== What you are asked to do ==
From the first line to the last, copy the material word for word; pictures stay out.

== Supplied information ==
□ □ □ □

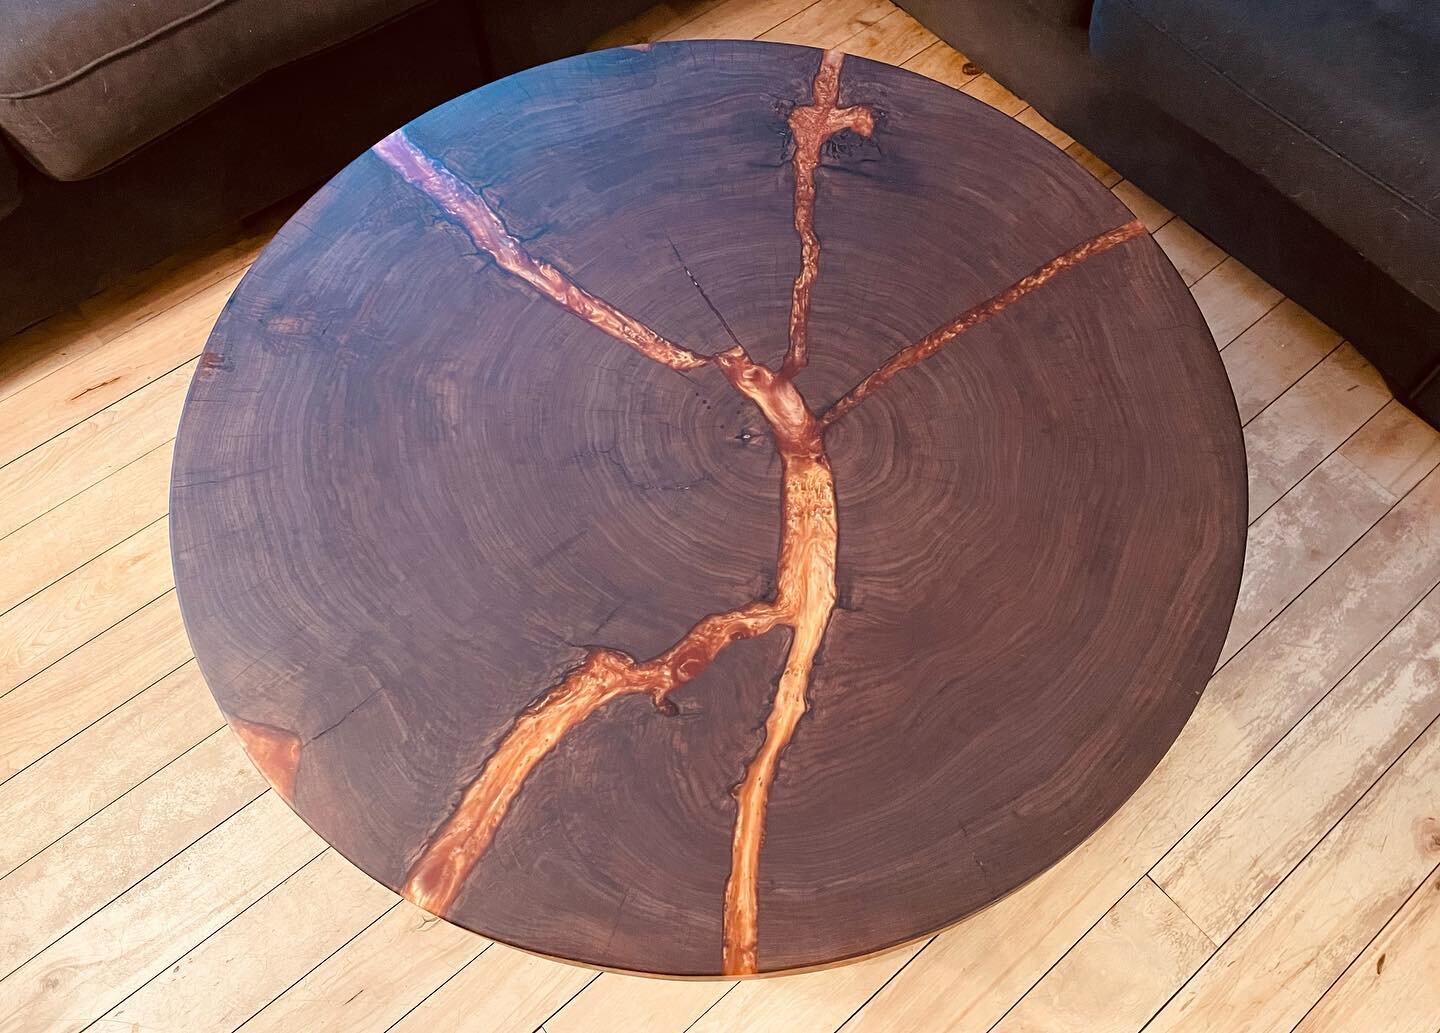 This piece of walnut comes from a horizontal cut through its tree trunk. It&rsquo;s diameter is 37&rdquo; with rich copper epoxy filling it&rsquo;s cracks. Custom metal base by @metalworks.inc  message me if you&rsquo;re interested
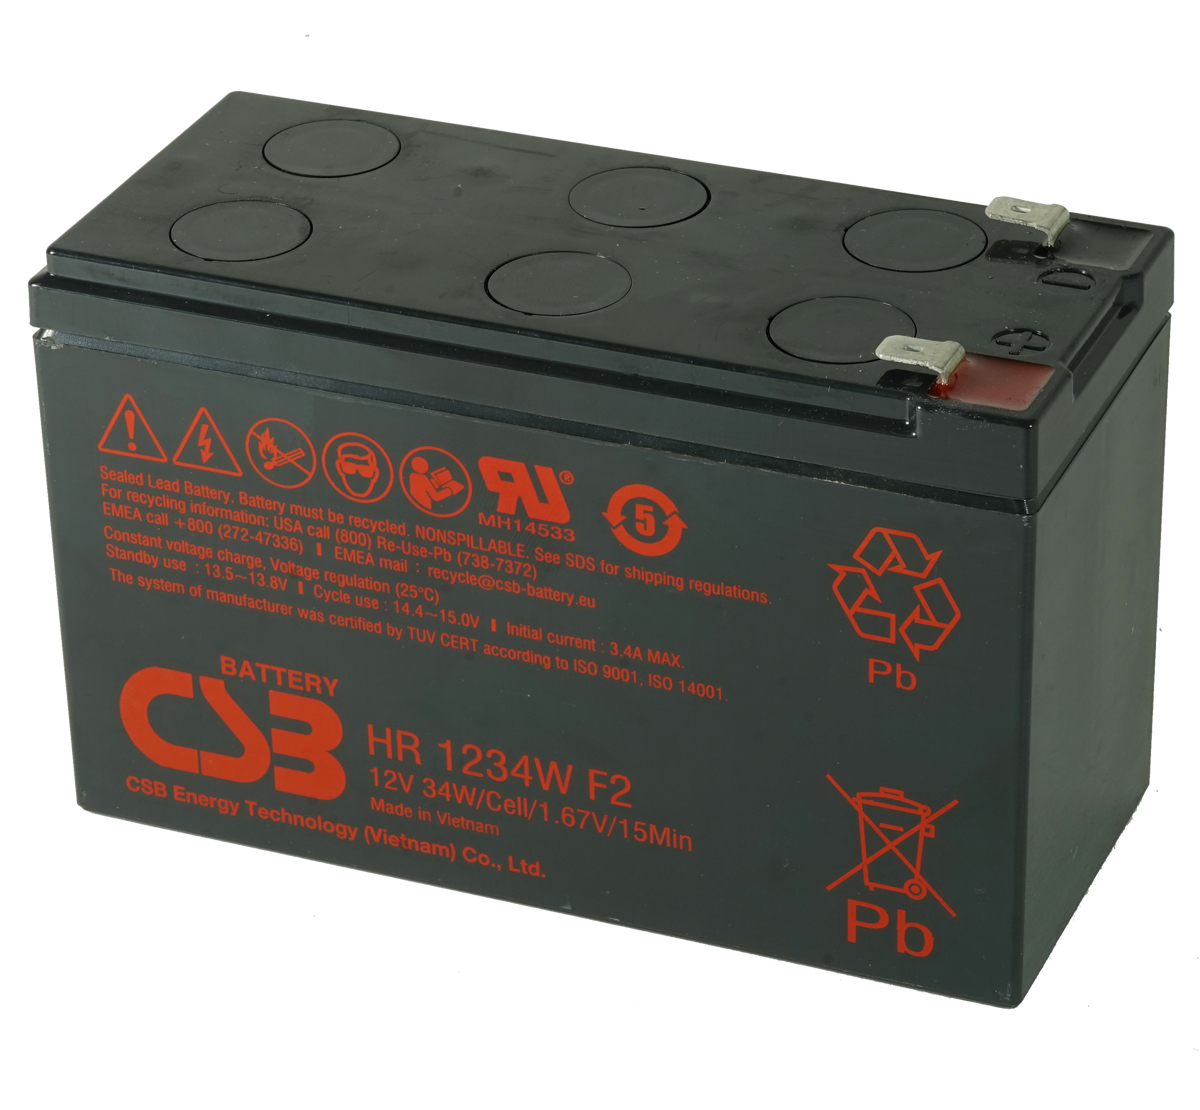 MDS2300 UPS Battery Kit for MGE AB2300
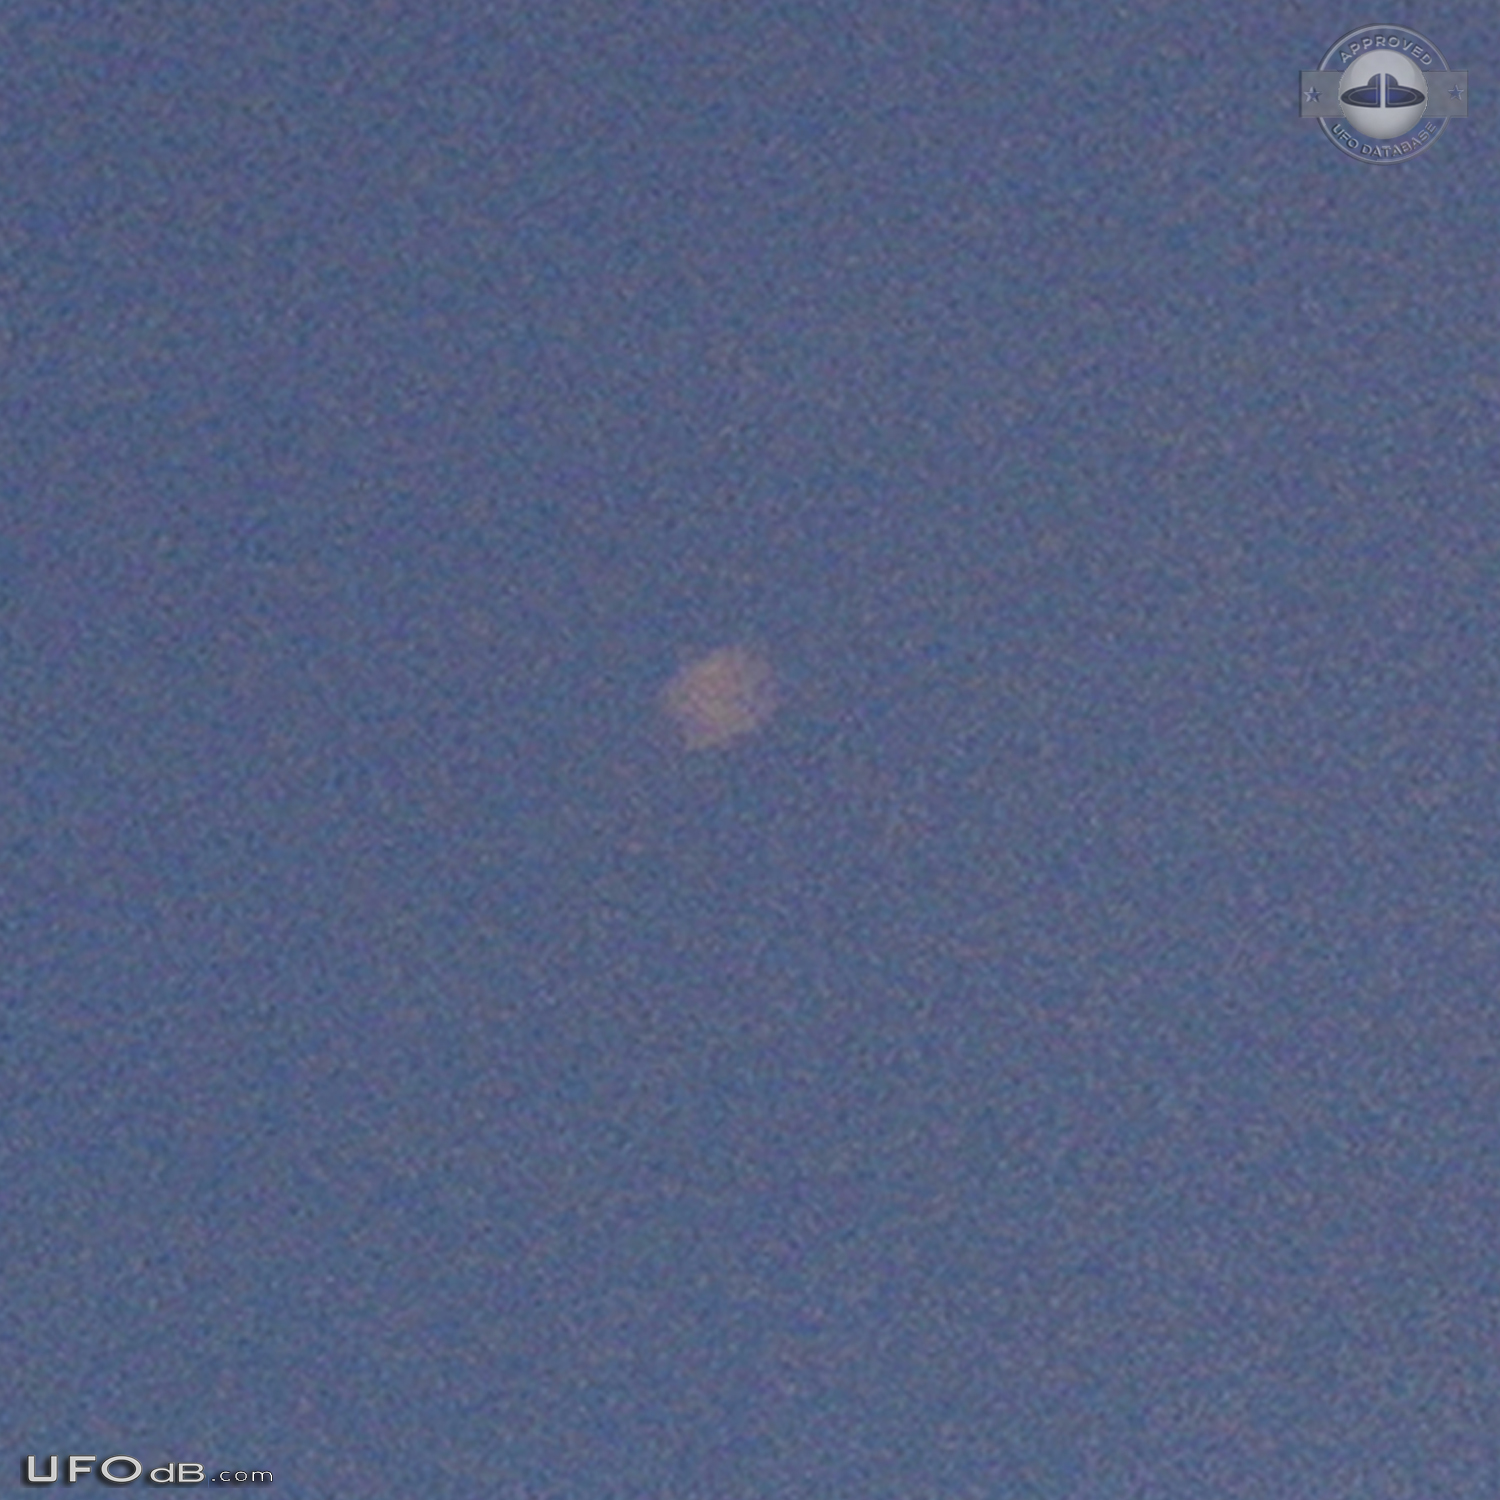 noticed a light passing under the moon in Pendleton Indiana USA 2015 UFO Picture #714-3
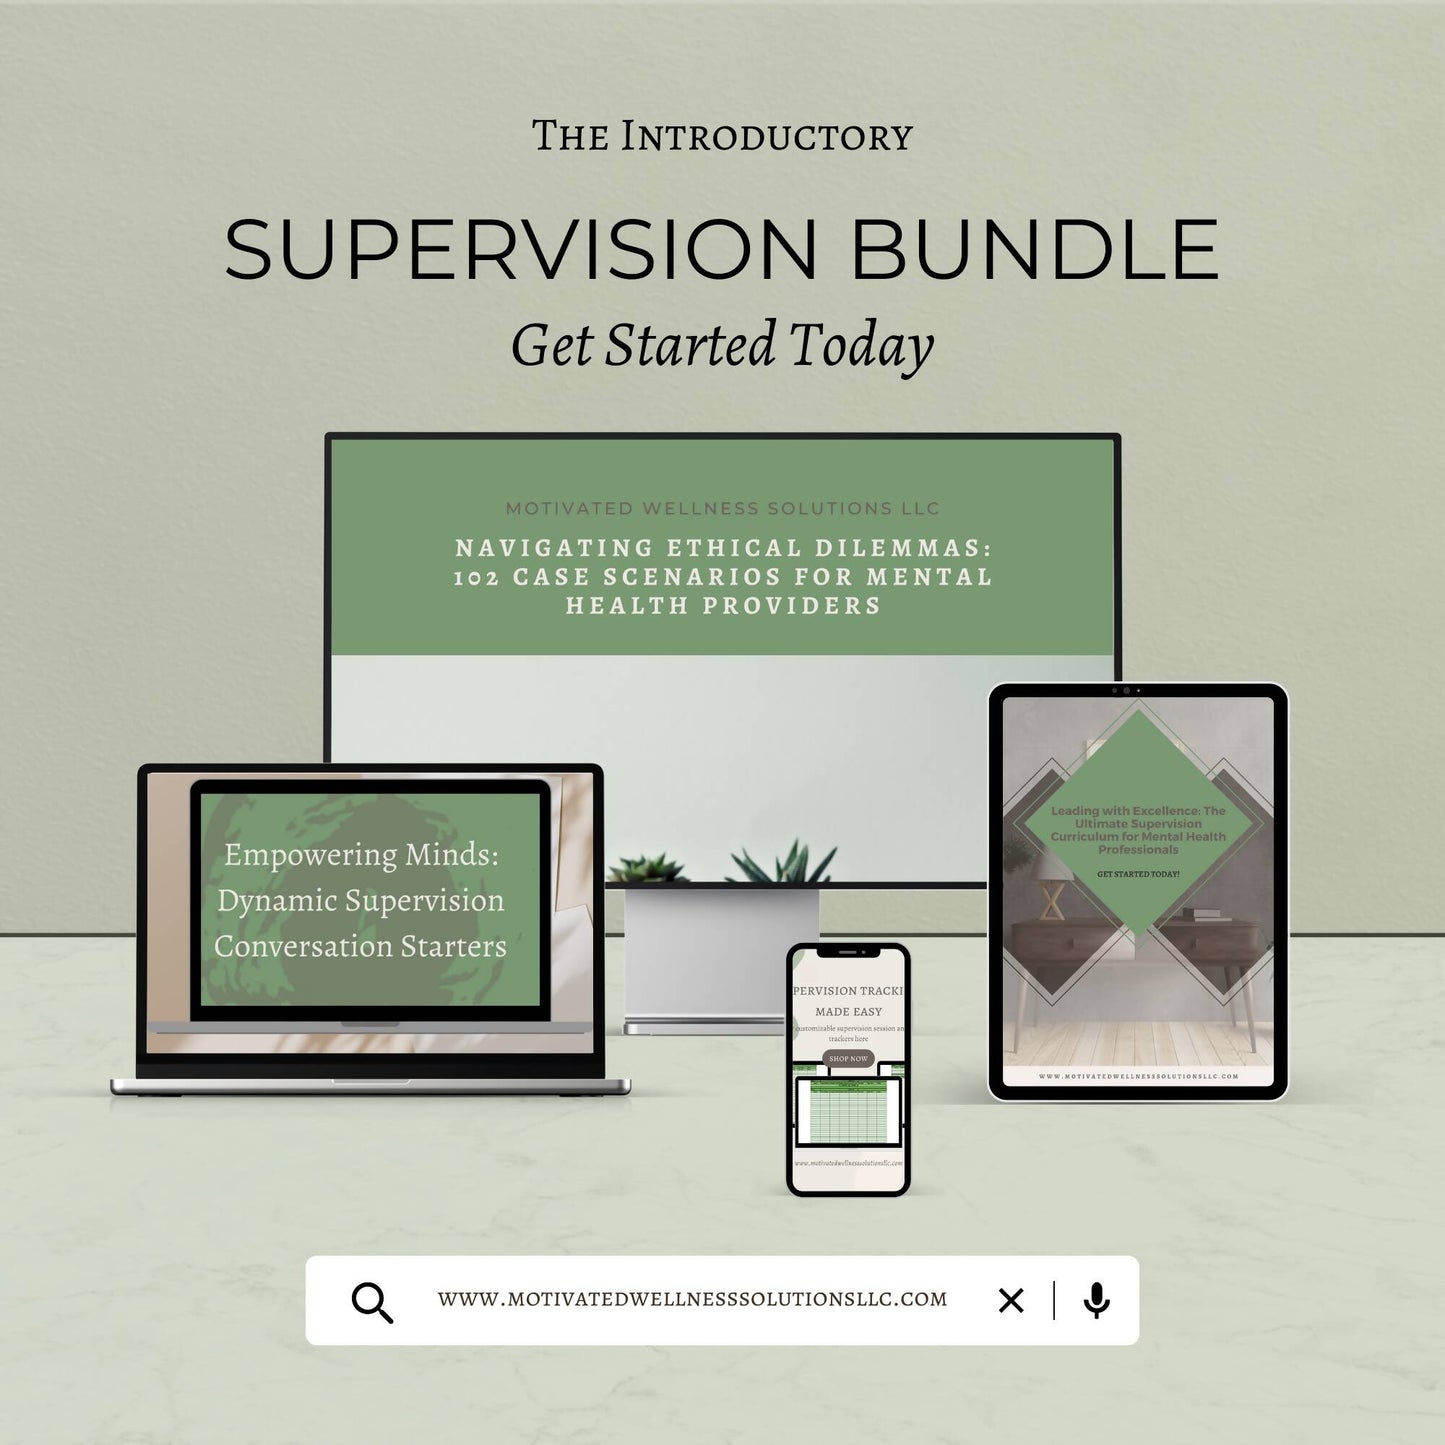 Welcome to the Introductory Supervision Bundle for Mental Health Professionals

□ □ □ □

== Result of the task ==
 This piece of walnut comes from a horizontal cut through its tree trunk. It&rsquo;s diameter is 37&rdquo; with rich copper epoxy filling it&rsquo;s cracks. Custom metal base by @metalworks.inc  message me if you&rsquo;re interested
 MDS2300 UPS Battery Kit for MGE AB2300
 noticed a light passing under the moon in Pendleton Indiana USA 2015 UFO Picture #714-3
 Welcome to the Introductory Supervision Bundle for Mental Health Professionals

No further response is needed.